You are given the heights of consecutive buildings. You can move from the roof of a building to the roof of the next adjacent building. You need to find the maximum number of consecutive steps you can put forward such that you gain an increase in altitude with each step.

Examples:

Input: arr[] = [1, 2, 2, 3, 2]
Output: 1
Explanation: 1, 2, or 2, 3 are the only consecutive buildings with increasing heights thus maximum number of consecutive steps with an increase in gain in altitude would be 1 in both cases.

Input: arr[] = [1, 2, 3, 4]
Output: 3
Explanation: 1 to 2 to 3 to 4 is the jump of length 3 to have a maximum number of buildings with increasing heights, so maximum steps with increasing altitude becomes 3.

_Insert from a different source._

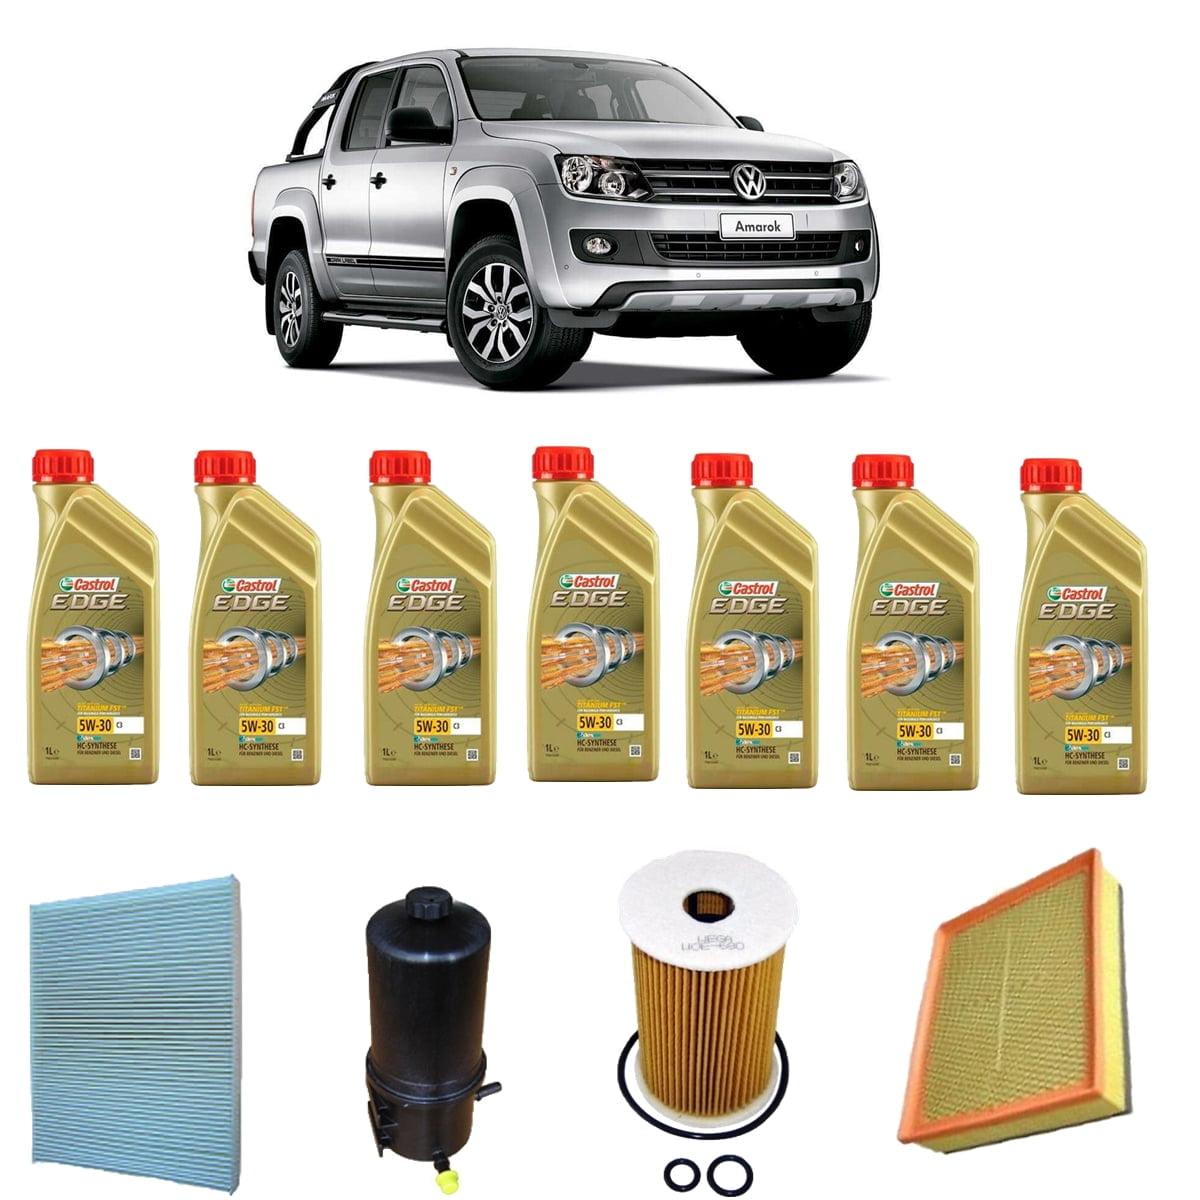 Troca De Oleo Castrol Edge 5w30 Volkswagen Amarok Diesel

Expected Time Complexity: O(n)
Expected Auxiliary Space: O(1)

Constraints:
1 <= arr.size() <= 10⁶
1 <= arr[i]<= 10⁵

Approach 01:

class Solution {
public:
    // Function to find the maximum number of consecutive steps
    // where the altitude increases with each step.
    int maxStep(vector<int>& heights) {
        int maxConsecutiveSteps = 0;  // Track the maximum consecutive increasing steps
        int currentConsecutiveSteps = 0;  // Track the current number of consecutive increasing steps
        
        for (int i = 1; i < heights.size(); ++i) {
            // If the current height is greater than the previous height, increment the current step count
            if (heights[i - 1] < heights[i]) {
                currentConsecutiveSteps++;
            } else {
                // Reset the current step count when the sequence breaks
                currentConsecutiveSteps = 0;
            }
            // Update the maximum consecutive steps
            maxConsecutiveSteps = max(maxConsecutiveSteps, currentConsecutiveSteps);
        }
        
        return maxConsecutiveSteps;
    }
};

class Solution:
    # Function to find the maximum number of consecutive steps 
    # where the altitude increases with each step.
    def maxStep(self, heights):
        maxConsecutiveSteps = 0  # Track the maximum consecutive increasing steps
        currentConsecutiveSteps = 0  # Track the current number of consecutive increasing steps
        
        for i in range(1, len(heights)):
            # If the current height is greater than the previous height, increment the current step count
            if heights[i-1] < heights[i]:
                currentConsecutiveSteps += 1
            else:
                # Reset the current step count when the sequence breaks
                currentConsecutiveSteps = 0
            
            # Update the maximum consecutive steps
            maxConsecutiveSteps = max(maxConsecutiveSteps, currentConsecutiveSteps)
        
        return maxConsecutiveSteps

Time Complexity

• Loop Iteration:

  The solution iterates through the array of heights once, comparing each pair of consecutive elements. Since there is a single loop over all elements of the vector, the time complexity is \(O(n)\), where \(n\) is the number of elements in the heights vector.

• Overall Time Complexity:

  The overall time complexity is \(O(n)\), where \(n\) is the size of the heights vector.

Space Complexity

• Auxiliary Space:

  The algorithm uses a constant amount of extra space for variables maxConsecutiveSteps and currentConsecutiveSteps, regardless of the input size. This results in a space complexity of \(O(1)\).

• Input Space:

  The input vector heights is passed by reference, so no additional space is used to store the input.

• Overall Space Complexity:

  The overall space complexity is \(O(1)\), as the space required does not depend on the size of the input.